🤖 AI Summary
Multimodal large language models (MLLMs) frequently generate factually incorrect hallucinations lacking visual grounding during vision-language reasoning, undermining reliability. To address this, we propose a novel DPO-based training framework grounded in MinMax optimization, which formulates preference learning as a token-level adaptive distribution calibration problem under semantic constraints. Our method explicitly models alignment uncertainty to strengthen causal visual-linguistic associations and mitigate overfitting to spurious preference patterns. It integrates direct preference optimization (DPO), semantic consistency constraints, and dynamic token-wise weighting.

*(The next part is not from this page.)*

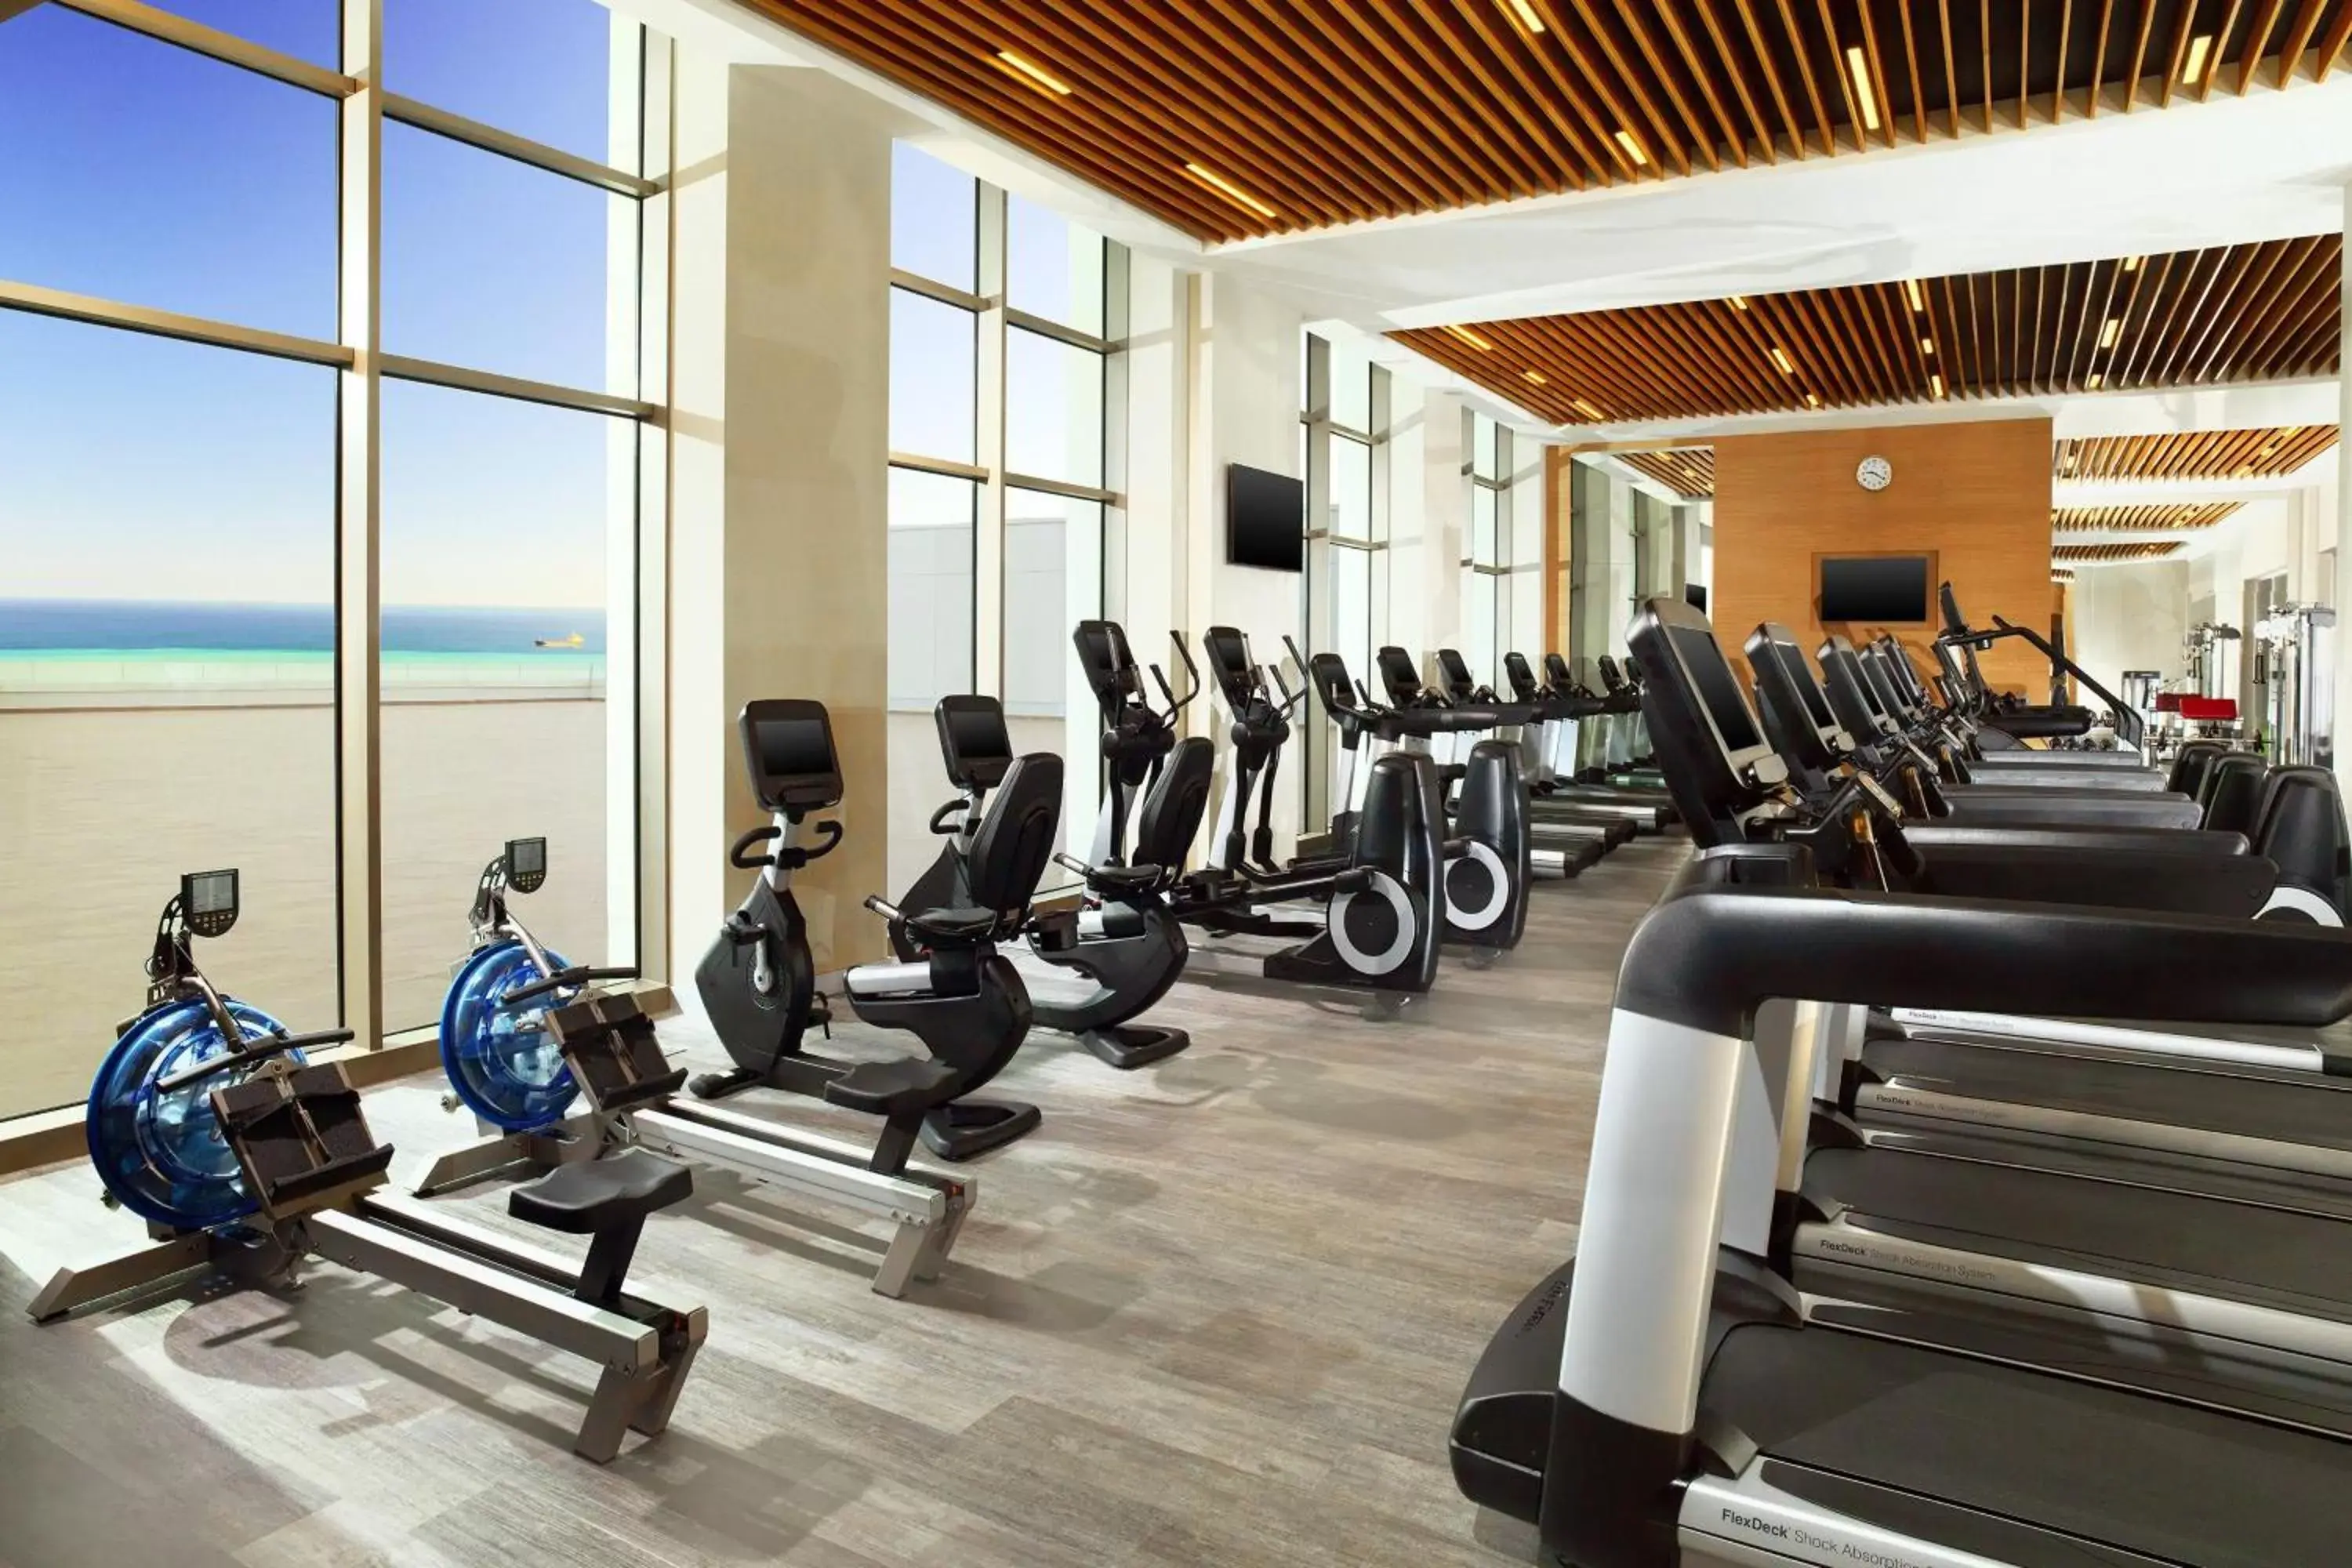 Fitness centre/facilities, Fitness Center/Facilities in Sheraton Grand Samsun Hotel

Evaluated on multiple benchmarks, our approach reduces hallucination rate from 26.4% to 13.2% and cognitive bias score from 2.5 to 0.4 using only 4.8K samples—outperforming standard DPO and matching the reliability of GPT-4o.
📝 Abstract
Multimodal large language models (MLLMs) enable vision-language reasoning, yet often generate plausible outputs that are factually incorrect or visually ungrounded, thereby compromising their reliability. Direct preference optimization (DPO) is a common strategy for correcting hallucinations by aligning model outputs with human preferences. Existing DPO strategies typically treat hallucination-related preferences as fixed targets, relying on static supervision signals during training. This approach tends to overfit to superficial linguistic cues in preference data, leading to distributional rigidity and spurious correlations that impair grounding in causally relevant visual information. To overcome this limitation, we propose TARS, a token-adaptive preference strategy that reformulates DPO as a min-max optimization problem. TARS maximizes token-level distributional shifts under semantic constraints to simulate alignment uncertainty, and simultaneously minimizes the expected preference loss under these controlled perturbations. This joint objective preserves causal grounding while mitigating overfitting to preference patterns, thereby reducing hallucinations in multimodal reasoning. We evaluate TARS on multiple hallucination benchmarks and find consistently strong performance. Using only 4.8k preference samples and no expert feedback, TARS reduces hallucination rates from 26.4% to 13.2% and decreases cognition value from 2.5 to 0.4. It outperforms standard DPO and matches GPT-4o on several key metrics.